WHAT YOU HAVE TO DO:
Once you reach the line containing "So grateful for" in the entries below, write out that line and each one after it down to the line containing "#fullmoongemini #nofilter #blessingsandgratitude", exactly and with nothing added.

INFORMATION SUPPLIED:
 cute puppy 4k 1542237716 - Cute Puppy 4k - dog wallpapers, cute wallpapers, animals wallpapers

==

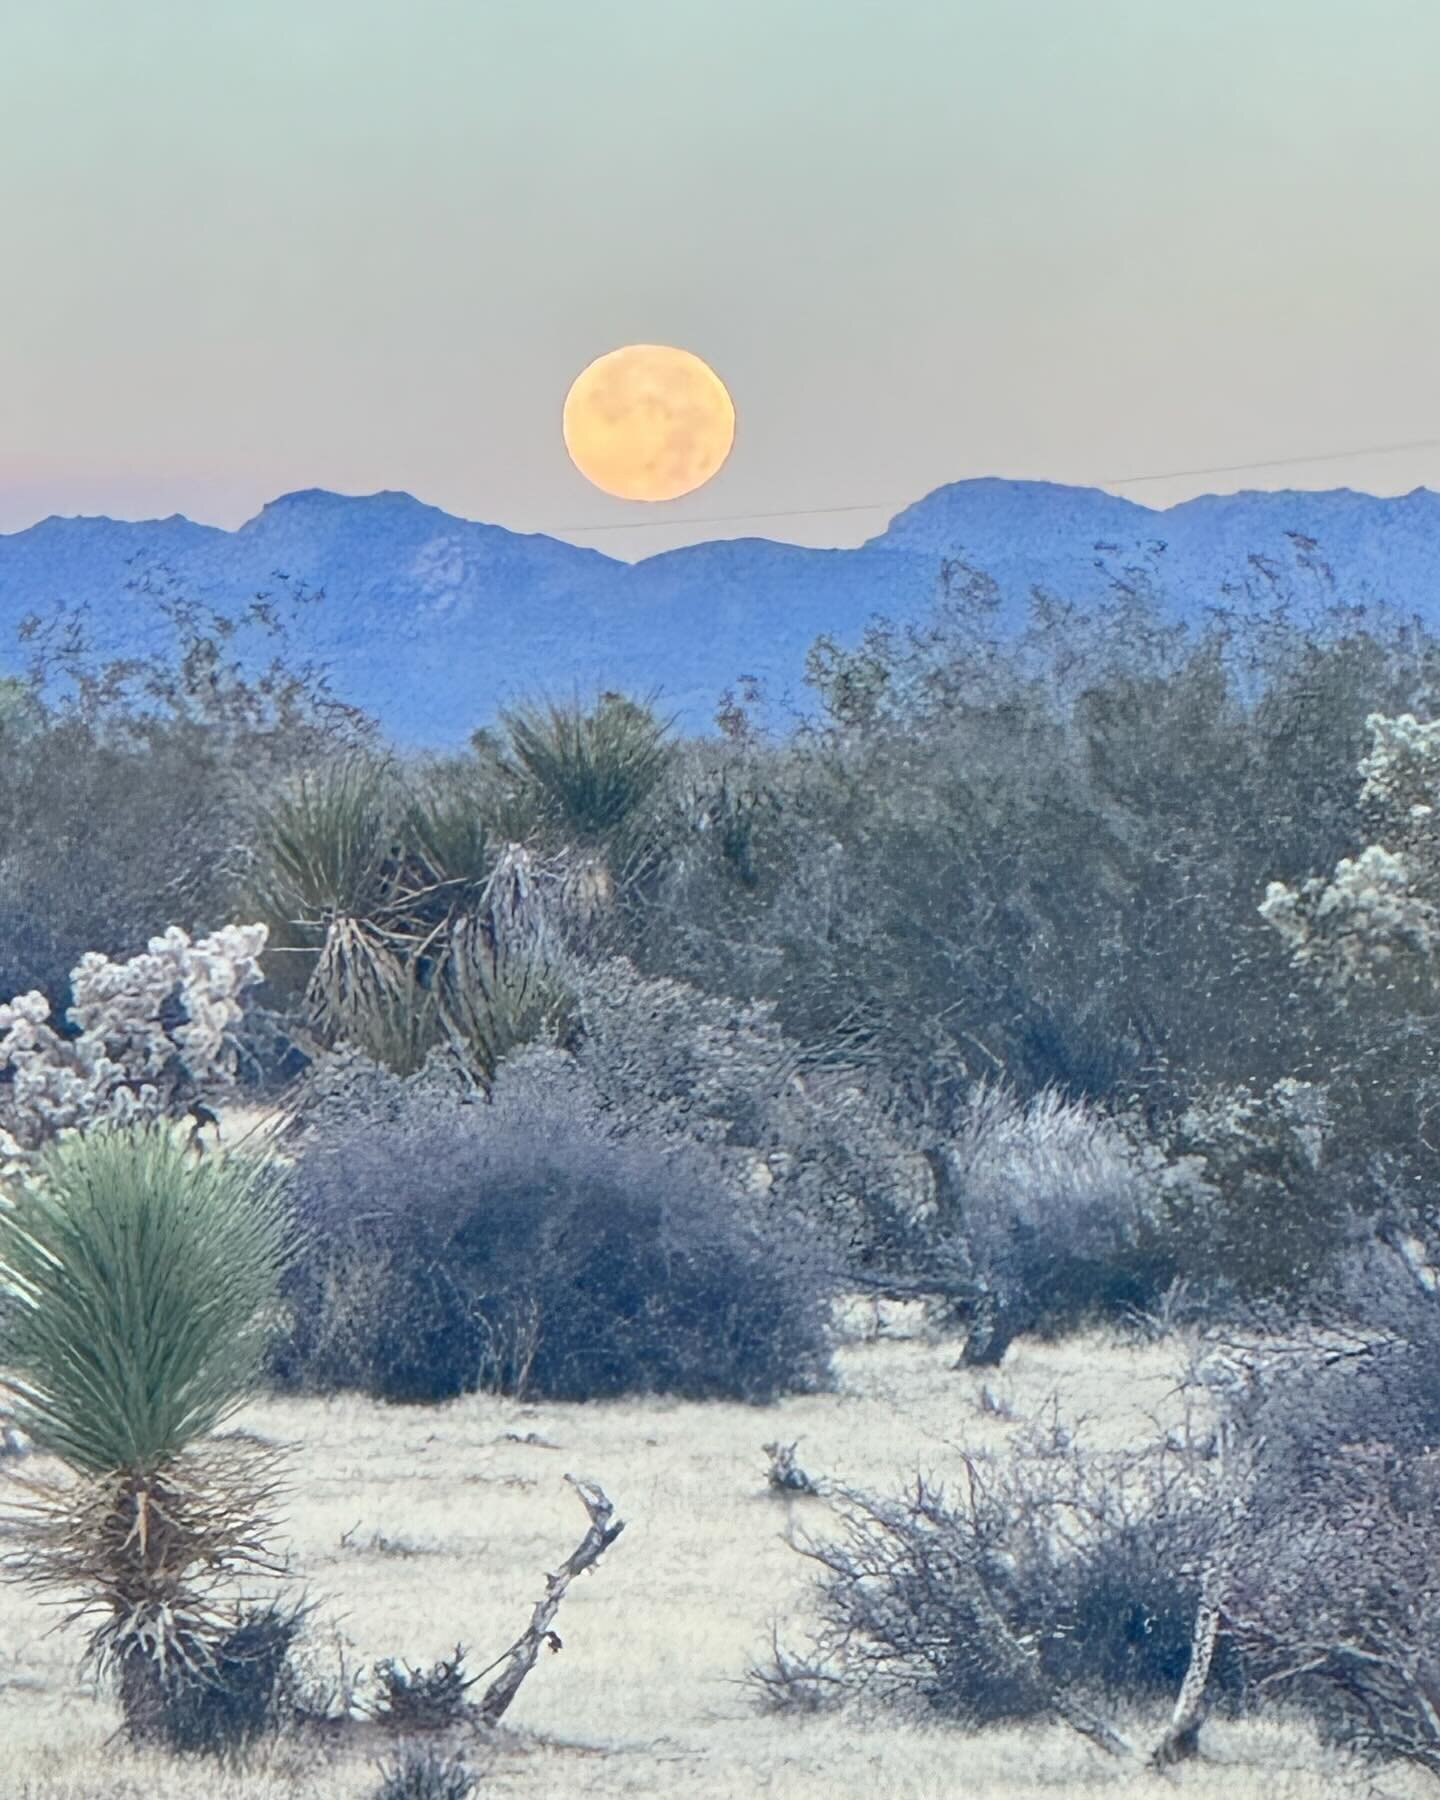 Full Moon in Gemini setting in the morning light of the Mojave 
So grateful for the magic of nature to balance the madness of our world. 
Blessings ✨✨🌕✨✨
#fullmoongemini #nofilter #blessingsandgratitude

==

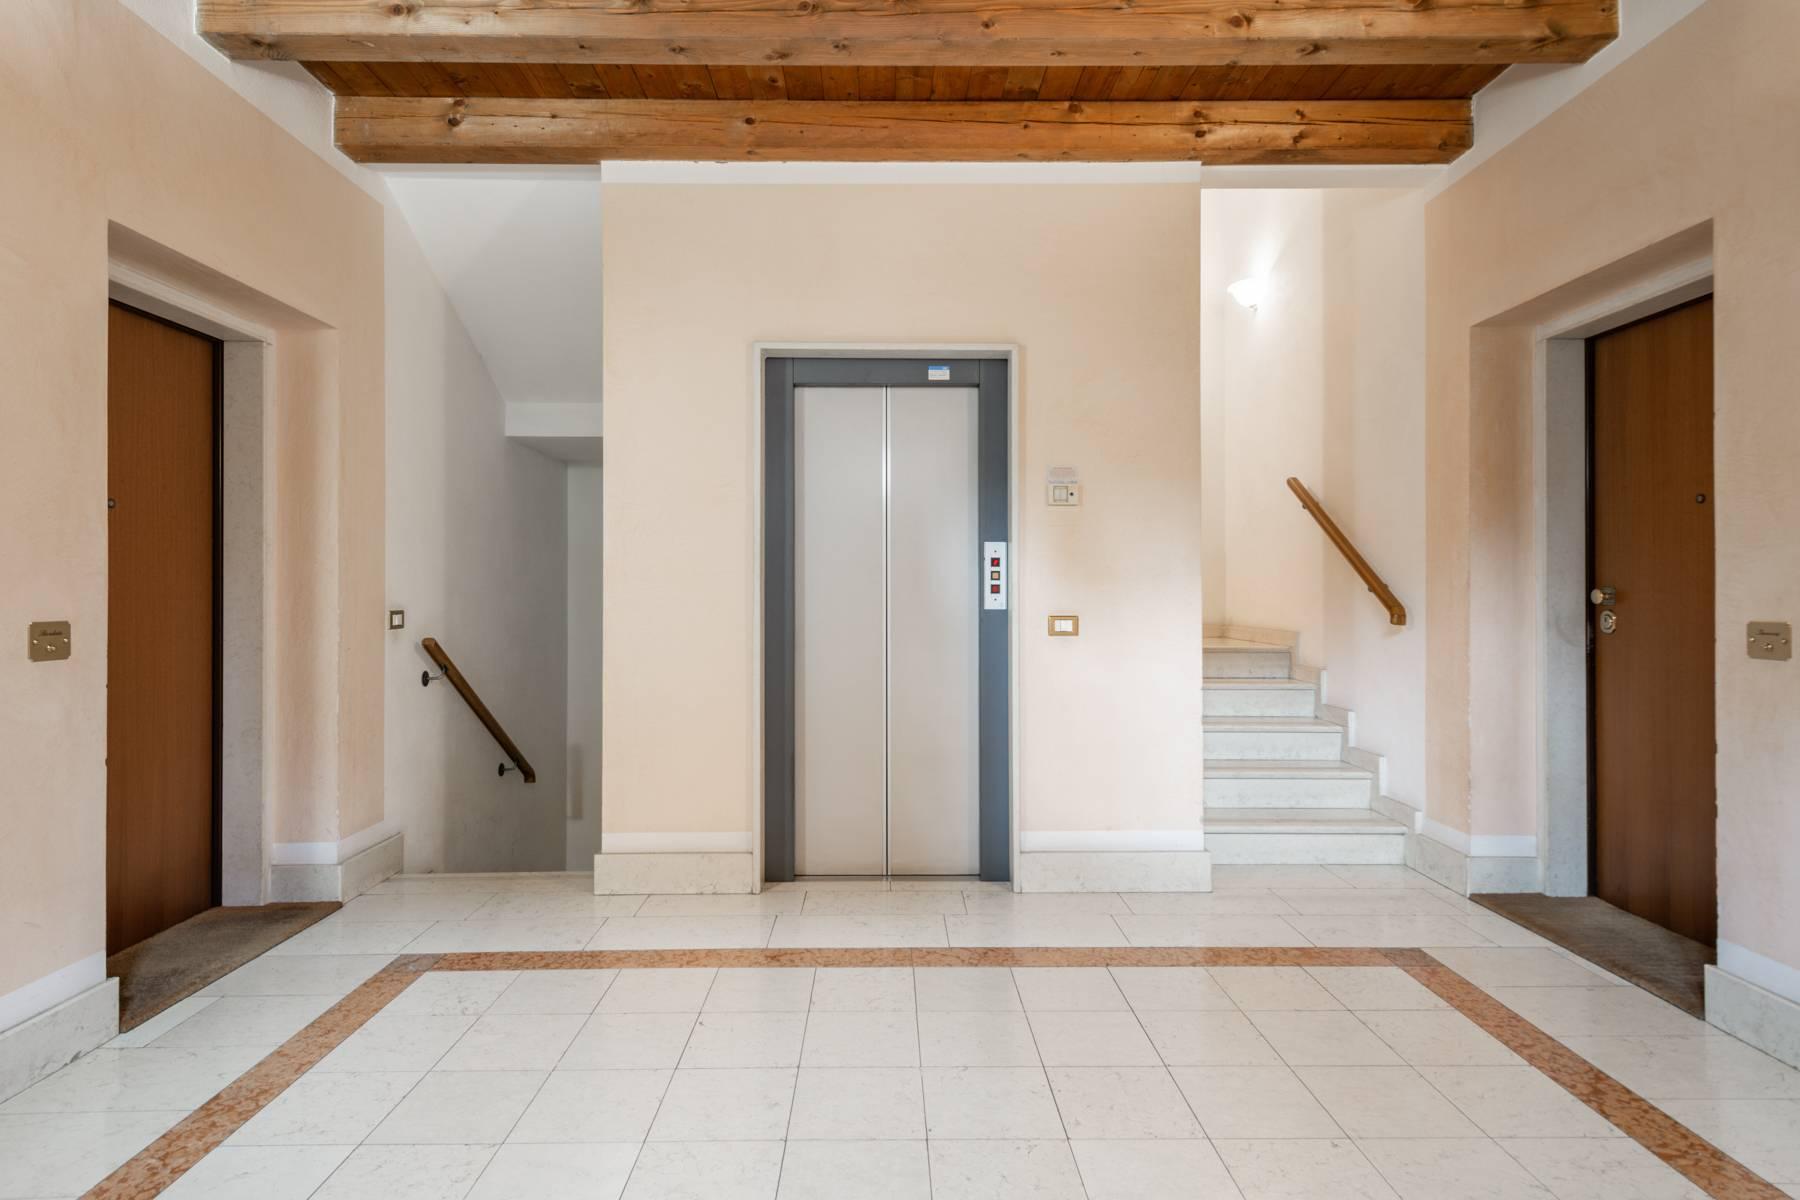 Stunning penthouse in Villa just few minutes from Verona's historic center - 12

RESPONSE TO THIS EXERCISE:
So grateful for the magic of nature to balance the madness of our world. 
Blessings ✨✨🌕✨✨
#fullmoongemini #nofilter #blessingsandgratitude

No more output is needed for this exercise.